Photo: The Texaco Mystery Ship in flight, and on the ground at the Travel Air field, from 16mm home movie shot by Truman Wadlow

Jimmy Doolittle ended up buying the wrecked plane from Shell, and rebuilt it into what he hoped would be an aircraft capable of achieving a speed close to 300 mph. The craft, registration NR482N, was equipped with a 560 hp Wasp Jr. engine. It was ready in June of 1931. During an initial test flight, Doolittle took the plane up to 250 mph. Observers on the ground noted, as Phillips recounts, that the plane suddenly appeared to have "struck a bunch of birds". In actuality, the right wing was disintegrating. As the left aileron departed, Doolittle put the ship into a climb, rolled it over, and jumped out. As he did so, he pulled the ripcord on his parachute. He was only about 300 feet off the ground, but miraculously he survived. His only injury was a minor abrasion, caused by his parachute cords briefly catching his neck. The plane was totally destroyed.

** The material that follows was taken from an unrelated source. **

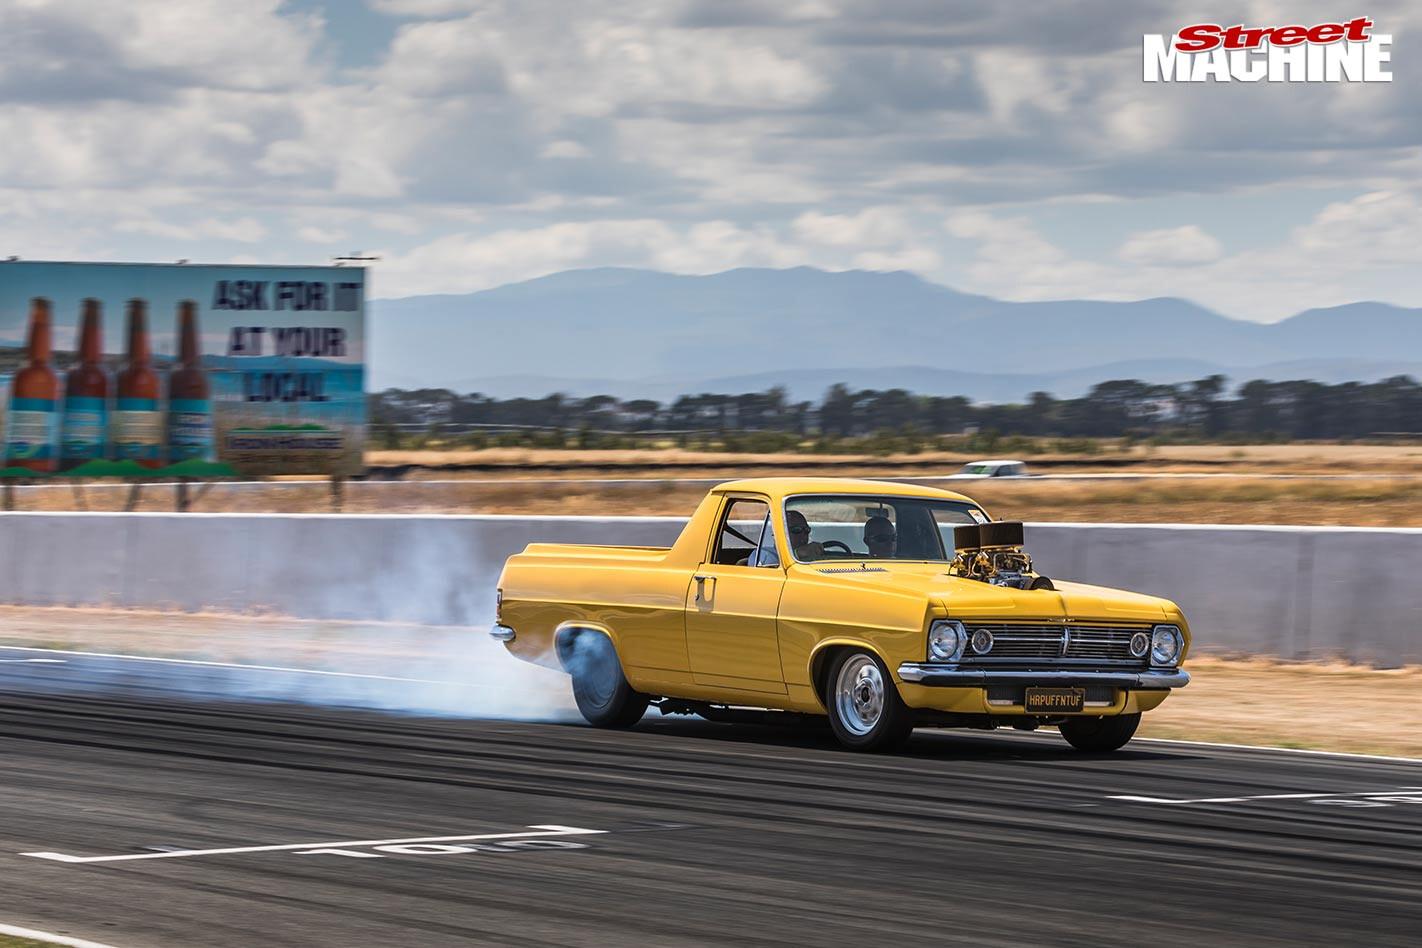 Holden ute at powercruise

For Doolittle, it was his second close call in as many years. He had "hit the silk" while escaping from a Curtiss Hawk at the 1929 National Air Races, after a wing failed during acrobatic maneuvers. This time, however, Doolittle did not blame his plane, but himself. By introducing a new wing fairing design, he acknowledged after the crash, he inadvertently weakened the wing structure while encouraging flutter.

Truman Wadlow's home movies don't show Jimmy Doolittle's crash, nor do they feature any footage of Pancho Barnes' Model R. But, they are important to our project. Without question, some of this rare, never-before-seen material will be included in the film, along with some other, extremely precious footage we've managed to locate of Pancho's plane.

A special thanks is owed to Truman Wadlow's family, in particular his daughter Nancy, for making the film available to us. Thanks as well to Edward H. Phillips for documenting the "History of the Mystery" and for generously assisting us with the project.